Top of DATA SHOWN

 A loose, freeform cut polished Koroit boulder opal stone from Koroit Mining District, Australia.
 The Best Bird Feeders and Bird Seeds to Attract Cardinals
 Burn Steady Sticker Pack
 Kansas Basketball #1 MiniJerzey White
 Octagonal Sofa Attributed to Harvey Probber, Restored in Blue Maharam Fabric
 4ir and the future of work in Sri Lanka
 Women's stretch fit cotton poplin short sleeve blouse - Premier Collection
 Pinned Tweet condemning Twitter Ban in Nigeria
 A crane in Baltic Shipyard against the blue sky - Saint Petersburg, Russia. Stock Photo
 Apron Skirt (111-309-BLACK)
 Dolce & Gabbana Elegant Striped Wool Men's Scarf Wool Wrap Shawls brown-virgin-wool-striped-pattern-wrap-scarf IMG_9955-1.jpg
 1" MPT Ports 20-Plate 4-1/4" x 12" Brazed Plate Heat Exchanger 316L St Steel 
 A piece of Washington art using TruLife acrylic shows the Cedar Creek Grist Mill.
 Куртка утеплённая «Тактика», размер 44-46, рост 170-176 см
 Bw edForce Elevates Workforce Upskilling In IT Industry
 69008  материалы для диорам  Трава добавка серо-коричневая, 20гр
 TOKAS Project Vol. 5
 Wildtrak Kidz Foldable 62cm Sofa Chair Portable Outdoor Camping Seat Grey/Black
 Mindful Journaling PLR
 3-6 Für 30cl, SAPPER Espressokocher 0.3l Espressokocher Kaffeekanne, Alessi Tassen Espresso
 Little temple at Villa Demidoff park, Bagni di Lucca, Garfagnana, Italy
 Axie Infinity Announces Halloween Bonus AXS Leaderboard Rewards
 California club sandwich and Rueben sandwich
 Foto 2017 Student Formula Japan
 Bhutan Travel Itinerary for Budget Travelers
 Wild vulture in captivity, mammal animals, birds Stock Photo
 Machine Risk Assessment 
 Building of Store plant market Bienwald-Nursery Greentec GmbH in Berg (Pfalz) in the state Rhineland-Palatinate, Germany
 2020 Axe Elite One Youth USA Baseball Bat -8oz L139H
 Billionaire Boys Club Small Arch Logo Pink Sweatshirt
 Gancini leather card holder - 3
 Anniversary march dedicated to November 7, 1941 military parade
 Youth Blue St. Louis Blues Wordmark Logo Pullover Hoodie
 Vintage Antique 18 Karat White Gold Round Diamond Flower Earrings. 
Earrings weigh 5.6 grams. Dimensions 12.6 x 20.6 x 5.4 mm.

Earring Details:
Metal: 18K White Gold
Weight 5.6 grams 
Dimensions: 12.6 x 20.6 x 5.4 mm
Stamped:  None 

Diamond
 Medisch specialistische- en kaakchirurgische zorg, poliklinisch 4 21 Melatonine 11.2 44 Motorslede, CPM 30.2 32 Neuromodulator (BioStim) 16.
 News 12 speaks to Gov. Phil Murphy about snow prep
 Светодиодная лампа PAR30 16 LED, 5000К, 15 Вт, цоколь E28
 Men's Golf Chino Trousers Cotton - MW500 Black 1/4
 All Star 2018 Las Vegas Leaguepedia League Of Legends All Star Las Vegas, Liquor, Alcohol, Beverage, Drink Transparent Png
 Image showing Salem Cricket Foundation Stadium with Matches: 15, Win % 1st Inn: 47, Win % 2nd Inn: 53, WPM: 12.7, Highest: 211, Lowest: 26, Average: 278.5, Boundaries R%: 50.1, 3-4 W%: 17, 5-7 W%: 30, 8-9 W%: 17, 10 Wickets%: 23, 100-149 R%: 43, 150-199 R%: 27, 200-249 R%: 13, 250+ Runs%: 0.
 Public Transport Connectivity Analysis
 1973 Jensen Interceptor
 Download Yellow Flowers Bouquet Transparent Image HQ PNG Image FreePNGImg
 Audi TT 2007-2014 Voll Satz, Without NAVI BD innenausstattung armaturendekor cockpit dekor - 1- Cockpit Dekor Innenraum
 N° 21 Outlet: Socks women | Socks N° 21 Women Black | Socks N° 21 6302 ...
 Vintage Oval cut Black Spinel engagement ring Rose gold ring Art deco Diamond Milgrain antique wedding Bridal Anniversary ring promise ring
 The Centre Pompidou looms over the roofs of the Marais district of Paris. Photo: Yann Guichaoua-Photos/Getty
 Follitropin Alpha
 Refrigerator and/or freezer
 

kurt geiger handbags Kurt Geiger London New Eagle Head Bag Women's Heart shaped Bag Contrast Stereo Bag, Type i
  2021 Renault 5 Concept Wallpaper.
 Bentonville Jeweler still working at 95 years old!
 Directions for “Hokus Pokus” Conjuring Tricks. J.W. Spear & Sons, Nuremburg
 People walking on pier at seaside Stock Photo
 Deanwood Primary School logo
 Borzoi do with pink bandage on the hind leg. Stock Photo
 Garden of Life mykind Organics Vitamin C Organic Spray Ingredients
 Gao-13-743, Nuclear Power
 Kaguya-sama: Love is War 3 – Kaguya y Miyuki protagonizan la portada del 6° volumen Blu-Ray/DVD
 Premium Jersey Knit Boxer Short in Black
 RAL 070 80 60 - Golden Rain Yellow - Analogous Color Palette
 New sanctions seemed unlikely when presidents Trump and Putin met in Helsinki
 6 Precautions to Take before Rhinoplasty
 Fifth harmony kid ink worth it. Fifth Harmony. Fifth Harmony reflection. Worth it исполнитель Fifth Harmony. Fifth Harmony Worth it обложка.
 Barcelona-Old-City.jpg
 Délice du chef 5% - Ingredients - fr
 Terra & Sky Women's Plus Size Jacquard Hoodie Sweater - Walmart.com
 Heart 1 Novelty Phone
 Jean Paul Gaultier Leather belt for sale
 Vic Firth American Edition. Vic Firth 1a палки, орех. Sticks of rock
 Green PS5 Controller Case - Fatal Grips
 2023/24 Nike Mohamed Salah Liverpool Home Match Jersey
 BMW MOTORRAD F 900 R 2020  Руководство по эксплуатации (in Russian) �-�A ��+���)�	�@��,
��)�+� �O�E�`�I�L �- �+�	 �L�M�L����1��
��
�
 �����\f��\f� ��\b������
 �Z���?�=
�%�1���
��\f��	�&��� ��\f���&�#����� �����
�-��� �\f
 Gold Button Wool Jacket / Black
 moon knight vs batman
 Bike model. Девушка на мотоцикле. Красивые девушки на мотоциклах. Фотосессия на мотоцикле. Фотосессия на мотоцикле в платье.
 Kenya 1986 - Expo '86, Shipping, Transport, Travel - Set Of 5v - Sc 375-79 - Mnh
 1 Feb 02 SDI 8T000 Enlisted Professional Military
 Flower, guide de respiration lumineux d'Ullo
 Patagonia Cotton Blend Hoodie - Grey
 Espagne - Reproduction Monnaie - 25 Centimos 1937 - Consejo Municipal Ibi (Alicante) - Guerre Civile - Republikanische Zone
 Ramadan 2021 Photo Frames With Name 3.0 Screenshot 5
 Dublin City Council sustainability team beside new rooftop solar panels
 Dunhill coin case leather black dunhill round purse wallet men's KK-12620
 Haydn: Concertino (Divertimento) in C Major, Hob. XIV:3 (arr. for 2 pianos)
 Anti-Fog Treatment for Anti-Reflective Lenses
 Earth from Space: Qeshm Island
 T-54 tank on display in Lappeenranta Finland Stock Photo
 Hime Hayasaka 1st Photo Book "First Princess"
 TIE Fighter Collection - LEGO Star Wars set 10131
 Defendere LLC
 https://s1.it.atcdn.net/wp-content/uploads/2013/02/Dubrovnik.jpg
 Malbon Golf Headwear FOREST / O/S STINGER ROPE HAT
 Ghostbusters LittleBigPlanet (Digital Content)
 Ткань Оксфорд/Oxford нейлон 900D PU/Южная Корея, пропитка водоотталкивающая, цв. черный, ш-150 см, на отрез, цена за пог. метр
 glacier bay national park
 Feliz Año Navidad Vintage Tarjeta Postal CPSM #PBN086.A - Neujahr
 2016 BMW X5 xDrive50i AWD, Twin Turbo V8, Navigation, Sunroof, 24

Bottom of DATA SHOWN

EXERCISE DIRECTIONS: Quote, word for word, every line from the top of the entries through the line that holds "Dolce & Gabbana".

RESPONSE BOX:
 A loose, freeform cut polished Koroit boulder opal stone from Koroit Mining District, Australia.
 The Best Bird Feeders and Bird Seeds to Attract Cardinals
 Burn Steady Sticker Pack
 Kansas Basketball #1 MiniJerzey White
 Octagonal Sofa Attributed to Harvey Probber, Restored in Blue Maharam Fabric
 4ir and the future of work in Sri Lanka
 Women's stretch fit cotton poplin short sleeve blouse - Premier Collection
 Pinned Tweet condemning Twitter Ban in Nigeria
 A crane in Baltic Shipyard against the blue sky - Saint Petersburg, Russia. Stock Photo
 Apron Skirt (111-309-BLACK)
 Dolce & Gabbana Elegant Striped Wool Men's Scarf Wool Wrap Shawls brown-virgin-wool-striped-pattern-wrap-scarf IMG_9955-1.jpg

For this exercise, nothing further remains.